Accidental discovery hints at mysterious structures in our brains


Lymphoid-like structures in the brain of a healthy person

Lymphoid-like structures in the brain of a healthy person

Shiju Gan/Harvard University

Your brain may contain a hidden network of vessels that help it get rid of metabolic waste. If confirmed to be true in future studies, the discovery could transform our understanding of the brain and even reveal new therapies for conditions such as Alzheimer’s disease.

– If true, this is huge, says Per Kristian Eide at the University of Oslo, who was not involved in the research. “It would represent a paradigm shift in our understanding of all neurodegenerative diseases, but also conditions such as stroke and traumatic brain injury, and our normal brain function.”

The brain cleans itself by releasing metabolic waste into the glymphatic system, a network of channels surrounding the brain’s blood vessels that flow into the lymphatic system, the body’s drainage and filtration system.

Most imaging studies have not detected lymphatic vessels in the brain, only in its protective outer layer. But now Chongzhao Ran of Harvard University and his colleagues may have discovered a hidden network of lymphatic-like brain vessels inside the brain that connect to the glymphatic system. “This is my most important discovery in 30 years,” says Ran. “It’s a scientist’s dream.”

Team member Shiju Gu, also at Harvard University, accidentally discovered the structures while looking for the protein beta-amyloid in brain slices from mice with an Alzheimer’s-like disease. Beta-amyloid helps neurons function, but it can form toxic clumps—a hallmark of Alzheimer’s—that can accumulate because of poor brain drainage.

When the researchers repeated the experiment on mice with and without an Alzheimer-like disease, they consistently found dozens of vessel-like structures in all the brain regions they sampled, including the cortex, which is involved in thinking and problem solving; the hippocampus, which helps us form memories; and the hypothalamus, which controls sleep and body temperature.

The structures appeared to wrap around the brain’s blood vessels and lymphatic vessels in the meninges—found in the outer protective layer—suggesting that they help drain waste via the lymphatic and lymphatic systems, Ran says.

Crucially, the researchers found the tube-like formations in brain samples from someone who died with Alzheimer’s disease. They have also found them in brain tissue from a person who died without the condition, according to Ran.

The team hypothesized that the structures were either a type of lymphatic vessel, lined by cells that contain or are coated with beta-amyloid, or a form of the protein that can develop into solid fibers that appear to contribute to Alzheimer’s disease but are sometimes also found in unaffected brains.

To find out, the researchers used protein markers that highlight lymphatic vessels on brain slices from mice. These consistently stained the tube-like structures, but less strongly than known lymphatics from the same animals. This led them to name the structures nanoscale lymphatic-like vessels, or NLVs, and conclude that they were not a form of beta-amyloid.
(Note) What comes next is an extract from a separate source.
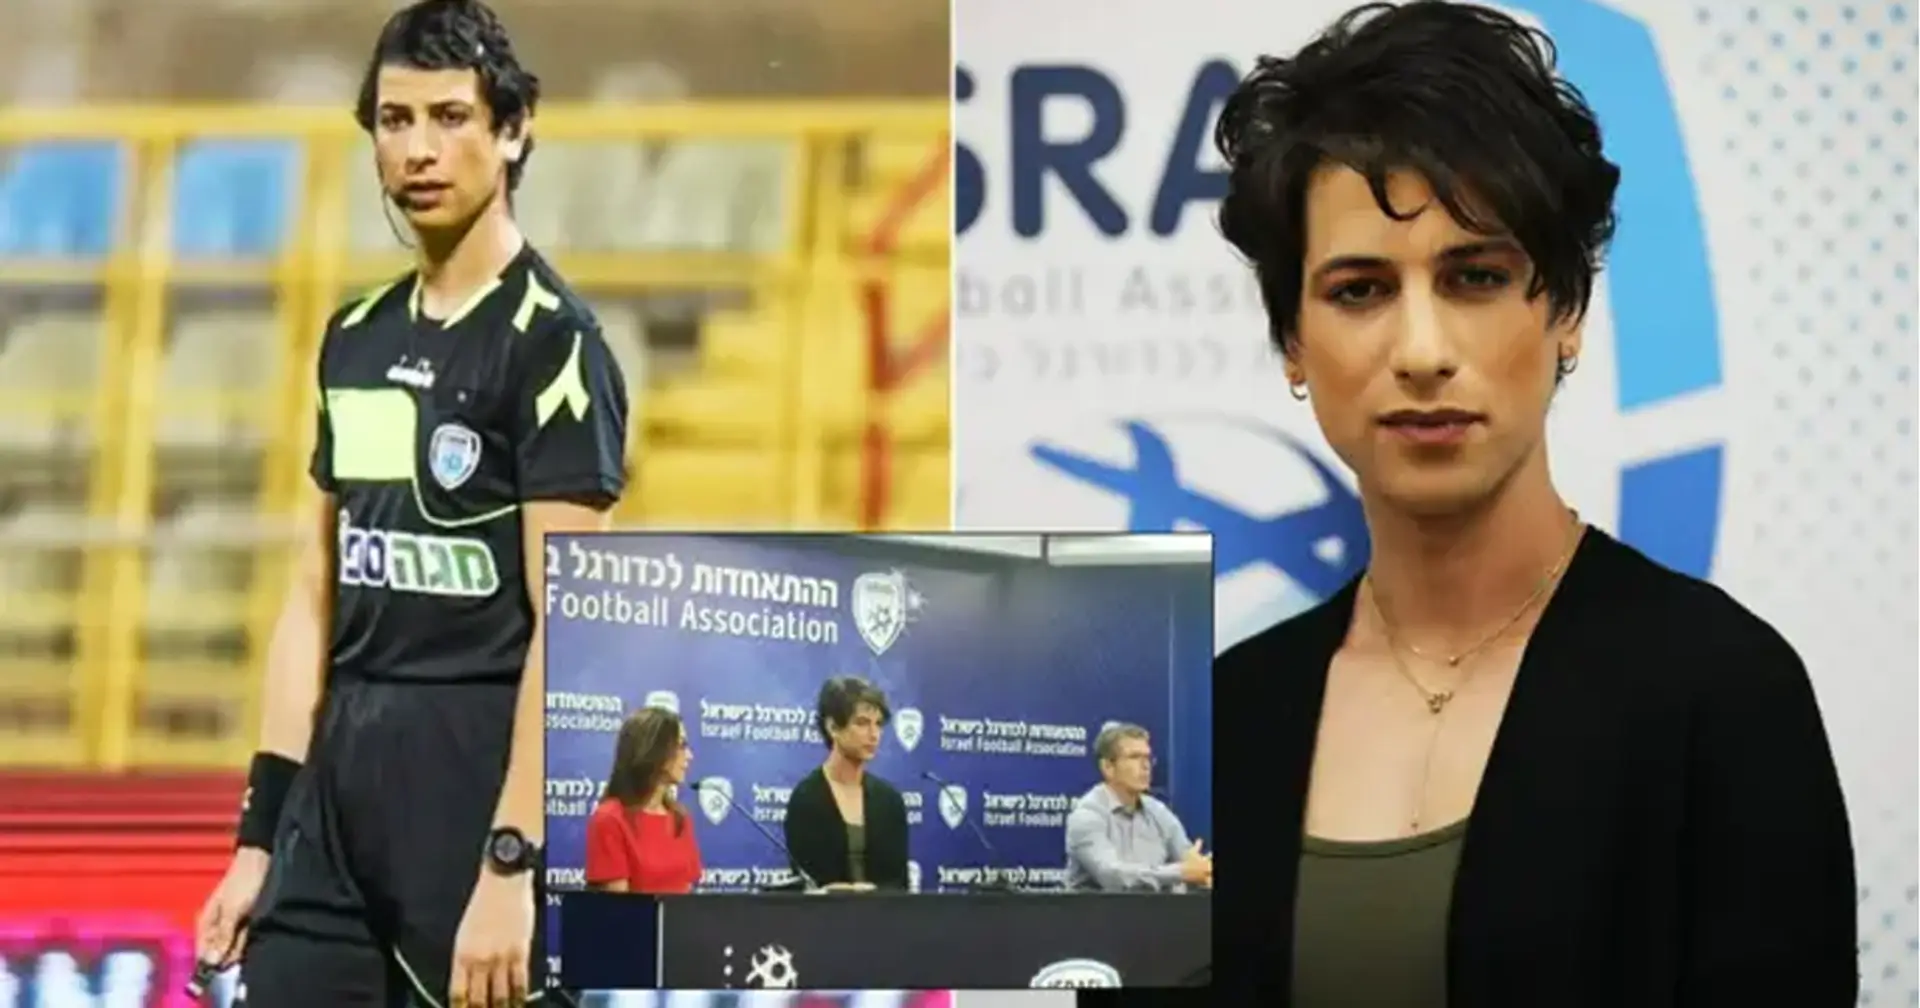 La Federación de Israel anuncia al primer árbitro transgénero en la historia del fútbol

But Eide says the weak staining suggests that NLVs may not be lymphatic-like vessels, as these markers can also bind to non-lymphatic tissue. “This is a new type of structure we haven’t known about before – but it’s unclear, what exactly is this?”

One possibility is that the structures are an artefact caused by the imaging technique used, says Christopher Brown of the University of Southampton, UK. For example, if the tissue sample expanded unevenly, it could lead to vessel-like fractures, he says.

This may explain why previous brain imaging studies that used more reliable techniques, such as electron microscopy, have not reported NLVs before, says Brown. The team plans to use this in the next few weeks, says Gu, who adds that previous studies may have mistaken NLVs for axons, long projections from neurons that look like them.

“I’m 90 percent sure they are what we think,” Ran says, referring to another study by the team in which fluorescently labeled beta-amyloid in the brains of mice appeared to enter nearby NLVs, suggesting they transport waste fluid.

If confirmed by other research groups, the findings could help our understanding of Alzheimer’s disease and other conditions associated with misfolded proteins, such as Parkinson’s disease. It could even lead to drugs that treat such conditions, says Brown, for example if dilating the vessels improves the disposal of waste fluid.